─── Records shown

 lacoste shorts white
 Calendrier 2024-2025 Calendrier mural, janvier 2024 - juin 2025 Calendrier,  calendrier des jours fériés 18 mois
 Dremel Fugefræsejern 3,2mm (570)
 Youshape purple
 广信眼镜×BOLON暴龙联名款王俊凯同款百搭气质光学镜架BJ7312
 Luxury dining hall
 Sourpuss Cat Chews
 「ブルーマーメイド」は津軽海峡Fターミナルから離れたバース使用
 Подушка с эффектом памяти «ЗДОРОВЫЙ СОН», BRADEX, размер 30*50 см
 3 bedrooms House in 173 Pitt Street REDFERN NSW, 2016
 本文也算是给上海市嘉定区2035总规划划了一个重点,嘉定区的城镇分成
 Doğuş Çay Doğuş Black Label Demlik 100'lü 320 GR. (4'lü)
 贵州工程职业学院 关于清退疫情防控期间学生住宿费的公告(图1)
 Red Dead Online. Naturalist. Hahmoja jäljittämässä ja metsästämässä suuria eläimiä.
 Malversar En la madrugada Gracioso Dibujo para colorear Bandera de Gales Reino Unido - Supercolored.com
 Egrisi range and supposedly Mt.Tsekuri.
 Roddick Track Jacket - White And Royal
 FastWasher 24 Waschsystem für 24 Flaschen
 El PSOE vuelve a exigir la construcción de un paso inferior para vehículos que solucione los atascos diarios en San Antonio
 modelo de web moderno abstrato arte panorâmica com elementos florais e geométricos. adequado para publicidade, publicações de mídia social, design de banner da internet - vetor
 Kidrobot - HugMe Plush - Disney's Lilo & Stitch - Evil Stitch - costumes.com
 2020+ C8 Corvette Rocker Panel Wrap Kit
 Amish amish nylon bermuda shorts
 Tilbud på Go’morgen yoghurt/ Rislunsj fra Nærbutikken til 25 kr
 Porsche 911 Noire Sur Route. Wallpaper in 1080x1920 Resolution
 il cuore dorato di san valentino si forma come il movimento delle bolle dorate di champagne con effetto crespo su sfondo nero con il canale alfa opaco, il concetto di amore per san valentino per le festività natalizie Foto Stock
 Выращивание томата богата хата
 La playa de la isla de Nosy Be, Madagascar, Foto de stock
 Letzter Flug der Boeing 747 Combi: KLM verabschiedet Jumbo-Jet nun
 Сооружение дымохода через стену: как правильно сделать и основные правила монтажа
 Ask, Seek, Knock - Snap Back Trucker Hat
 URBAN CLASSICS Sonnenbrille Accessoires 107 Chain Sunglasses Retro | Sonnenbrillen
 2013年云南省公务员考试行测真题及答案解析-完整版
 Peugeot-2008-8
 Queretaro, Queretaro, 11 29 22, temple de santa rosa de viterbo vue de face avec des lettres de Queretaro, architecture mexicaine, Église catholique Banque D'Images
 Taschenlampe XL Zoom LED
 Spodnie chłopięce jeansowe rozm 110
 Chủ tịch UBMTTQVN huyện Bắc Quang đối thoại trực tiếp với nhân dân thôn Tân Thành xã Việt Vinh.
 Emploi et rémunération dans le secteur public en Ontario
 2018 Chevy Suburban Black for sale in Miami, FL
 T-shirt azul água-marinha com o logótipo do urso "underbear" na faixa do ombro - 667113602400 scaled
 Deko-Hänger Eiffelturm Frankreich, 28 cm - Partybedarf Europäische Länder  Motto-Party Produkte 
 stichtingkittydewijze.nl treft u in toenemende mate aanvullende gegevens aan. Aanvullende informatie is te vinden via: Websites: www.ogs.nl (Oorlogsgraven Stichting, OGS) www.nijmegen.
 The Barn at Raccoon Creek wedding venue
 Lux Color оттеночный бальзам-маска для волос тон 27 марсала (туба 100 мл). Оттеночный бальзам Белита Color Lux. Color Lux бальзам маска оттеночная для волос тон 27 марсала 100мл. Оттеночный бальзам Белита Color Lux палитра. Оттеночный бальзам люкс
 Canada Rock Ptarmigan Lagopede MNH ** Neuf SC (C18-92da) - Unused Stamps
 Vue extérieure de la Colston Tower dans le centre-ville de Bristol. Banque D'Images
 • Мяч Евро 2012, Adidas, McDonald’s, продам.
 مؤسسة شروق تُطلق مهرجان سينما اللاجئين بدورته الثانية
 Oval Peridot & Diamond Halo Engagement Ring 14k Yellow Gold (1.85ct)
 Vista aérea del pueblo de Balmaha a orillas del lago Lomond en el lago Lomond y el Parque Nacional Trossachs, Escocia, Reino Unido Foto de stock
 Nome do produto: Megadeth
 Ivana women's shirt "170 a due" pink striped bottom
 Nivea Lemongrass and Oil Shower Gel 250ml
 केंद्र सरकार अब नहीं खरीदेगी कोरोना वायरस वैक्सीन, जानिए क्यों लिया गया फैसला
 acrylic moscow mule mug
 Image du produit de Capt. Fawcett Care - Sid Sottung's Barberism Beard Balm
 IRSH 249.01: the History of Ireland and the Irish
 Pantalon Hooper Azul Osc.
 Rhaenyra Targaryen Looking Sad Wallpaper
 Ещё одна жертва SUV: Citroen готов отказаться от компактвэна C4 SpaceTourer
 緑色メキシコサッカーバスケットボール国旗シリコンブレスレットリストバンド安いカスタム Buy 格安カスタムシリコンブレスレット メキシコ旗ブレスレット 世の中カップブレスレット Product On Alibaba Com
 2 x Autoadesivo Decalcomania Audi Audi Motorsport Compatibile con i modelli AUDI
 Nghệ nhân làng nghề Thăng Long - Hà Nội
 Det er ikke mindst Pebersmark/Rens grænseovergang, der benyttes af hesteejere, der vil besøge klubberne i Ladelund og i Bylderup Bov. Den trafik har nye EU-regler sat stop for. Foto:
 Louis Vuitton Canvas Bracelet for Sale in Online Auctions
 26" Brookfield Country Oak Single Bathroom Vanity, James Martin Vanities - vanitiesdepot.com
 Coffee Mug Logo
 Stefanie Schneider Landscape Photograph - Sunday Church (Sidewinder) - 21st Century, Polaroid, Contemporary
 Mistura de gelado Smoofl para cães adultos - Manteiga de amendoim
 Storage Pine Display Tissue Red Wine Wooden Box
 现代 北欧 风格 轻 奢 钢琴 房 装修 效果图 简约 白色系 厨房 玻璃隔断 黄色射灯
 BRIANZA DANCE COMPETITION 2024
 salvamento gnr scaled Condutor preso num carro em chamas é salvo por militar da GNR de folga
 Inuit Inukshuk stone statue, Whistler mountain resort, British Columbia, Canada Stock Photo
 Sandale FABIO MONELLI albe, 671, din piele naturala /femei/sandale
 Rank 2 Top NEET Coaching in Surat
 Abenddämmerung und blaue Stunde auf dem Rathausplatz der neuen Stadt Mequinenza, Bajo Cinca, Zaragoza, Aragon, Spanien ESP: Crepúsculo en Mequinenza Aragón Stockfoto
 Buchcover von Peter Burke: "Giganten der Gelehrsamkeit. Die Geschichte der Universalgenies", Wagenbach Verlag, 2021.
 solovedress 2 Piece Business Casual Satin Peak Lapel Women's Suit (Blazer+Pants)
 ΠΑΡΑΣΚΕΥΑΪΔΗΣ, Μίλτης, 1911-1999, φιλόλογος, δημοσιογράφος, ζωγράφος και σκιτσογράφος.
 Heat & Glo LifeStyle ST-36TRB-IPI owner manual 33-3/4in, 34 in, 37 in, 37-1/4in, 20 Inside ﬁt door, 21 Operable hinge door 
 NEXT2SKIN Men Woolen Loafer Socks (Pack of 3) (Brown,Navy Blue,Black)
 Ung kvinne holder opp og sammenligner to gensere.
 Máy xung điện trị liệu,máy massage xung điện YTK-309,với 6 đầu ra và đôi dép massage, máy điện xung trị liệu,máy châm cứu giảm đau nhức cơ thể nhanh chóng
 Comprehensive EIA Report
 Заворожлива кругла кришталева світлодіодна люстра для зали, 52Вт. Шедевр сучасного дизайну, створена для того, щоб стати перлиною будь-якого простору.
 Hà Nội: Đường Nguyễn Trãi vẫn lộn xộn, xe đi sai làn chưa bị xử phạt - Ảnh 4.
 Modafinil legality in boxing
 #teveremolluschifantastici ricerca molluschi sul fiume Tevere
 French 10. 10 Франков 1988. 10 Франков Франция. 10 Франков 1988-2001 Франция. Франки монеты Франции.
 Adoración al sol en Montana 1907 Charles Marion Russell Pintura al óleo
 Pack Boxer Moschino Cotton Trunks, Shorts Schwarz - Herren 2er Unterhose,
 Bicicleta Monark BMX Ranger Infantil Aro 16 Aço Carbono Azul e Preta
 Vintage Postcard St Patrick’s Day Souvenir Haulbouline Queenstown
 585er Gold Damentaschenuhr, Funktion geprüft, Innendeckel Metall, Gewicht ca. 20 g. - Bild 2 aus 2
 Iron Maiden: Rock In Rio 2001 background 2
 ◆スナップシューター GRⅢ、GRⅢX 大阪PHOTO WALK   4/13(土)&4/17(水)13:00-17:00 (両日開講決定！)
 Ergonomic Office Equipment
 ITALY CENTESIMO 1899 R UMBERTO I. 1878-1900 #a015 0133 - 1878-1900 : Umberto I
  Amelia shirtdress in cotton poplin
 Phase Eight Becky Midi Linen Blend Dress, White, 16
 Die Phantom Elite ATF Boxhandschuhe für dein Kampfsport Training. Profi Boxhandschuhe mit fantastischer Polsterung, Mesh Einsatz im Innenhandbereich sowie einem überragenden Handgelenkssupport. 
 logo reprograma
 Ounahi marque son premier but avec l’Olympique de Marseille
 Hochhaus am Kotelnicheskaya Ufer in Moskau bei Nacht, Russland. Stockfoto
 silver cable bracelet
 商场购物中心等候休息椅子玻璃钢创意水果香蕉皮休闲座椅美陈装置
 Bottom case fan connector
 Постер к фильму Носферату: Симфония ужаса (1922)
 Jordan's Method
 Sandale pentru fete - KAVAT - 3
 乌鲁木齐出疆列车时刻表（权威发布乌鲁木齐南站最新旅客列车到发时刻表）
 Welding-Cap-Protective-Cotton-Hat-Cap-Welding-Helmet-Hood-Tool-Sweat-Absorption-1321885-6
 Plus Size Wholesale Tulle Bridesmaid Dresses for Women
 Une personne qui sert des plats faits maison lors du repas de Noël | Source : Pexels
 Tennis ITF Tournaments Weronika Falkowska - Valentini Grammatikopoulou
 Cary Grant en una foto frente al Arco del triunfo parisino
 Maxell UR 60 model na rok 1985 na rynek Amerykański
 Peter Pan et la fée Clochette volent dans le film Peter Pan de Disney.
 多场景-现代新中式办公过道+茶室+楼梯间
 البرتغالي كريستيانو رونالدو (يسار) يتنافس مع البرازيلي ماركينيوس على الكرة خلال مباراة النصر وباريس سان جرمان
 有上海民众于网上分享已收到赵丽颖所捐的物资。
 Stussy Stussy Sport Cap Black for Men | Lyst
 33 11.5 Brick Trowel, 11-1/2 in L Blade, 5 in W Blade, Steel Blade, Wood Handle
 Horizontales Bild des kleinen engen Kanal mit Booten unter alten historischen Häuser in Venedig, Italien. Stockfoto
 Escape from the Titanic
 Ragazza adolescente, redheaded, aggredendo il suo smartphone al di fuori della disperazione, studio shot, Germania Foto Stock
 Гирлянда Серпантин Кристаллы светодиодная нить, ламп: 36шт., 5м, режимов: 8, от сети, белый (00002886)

──────

Set down, unchanged, only those lines above that fall between the line with "Kidrobot - HugMe" and the line with "Spodnie chłopięce jeansowe rozm 110", the two end lines included.

• _Reply to the exercise_
 Kidrobot - HugMe Plush - Disney's Lilo & Stitch - Evil Stitch - costumes.com
 2020+ C8 Corvette Rocker Panel Wrap Kit
 Amish amish nylon bermuda shorts
 Tilbud på Go’morgen yoghurt/ Rislunsj fra Nærbutikken til 25 kr
 Porsche 911 Noire Sur Route. Wallpaper in 1080x1920 Resolution
 il cuore dorato di san valentino si forma come il movimento delle bolle dorate di champagne con effetto crespo su sfondo nero con il canale alfa opaco, il concetto di amore per san valentino per le festività natalizie Foto Stock
 Выращивание томата богата хата
 La playa de la isla de Nosy Be, Madagascar, Foto de stock
 Letzter Flug der Boeing 747 Combi: KLM verabschiedet Jumbo-Jet nun
 Сооружение дымохода через стену: как правильно сделать и основные правила монтажа
 Ask, Seek, Knock - Snap Back Trucker Hat
 URBAN CLASSICS Sonnenbrille Accessoires 107 Chain Sunglasses Retro | Sonnenbrillen
 2013年云南省公务员考试行测真题及答案解析-完整版
 Peugeot-2008-8
 Queretaro, Queretaro, 11 29 22, temple de santa rosa de viterbo vue de face avec des lettres de Queretaro, architecture mexicaine, Église catholique Banque D'Images
 Taschenlampe XL Zoom LED
 Spodnie chłopięce jeansowe rozm 110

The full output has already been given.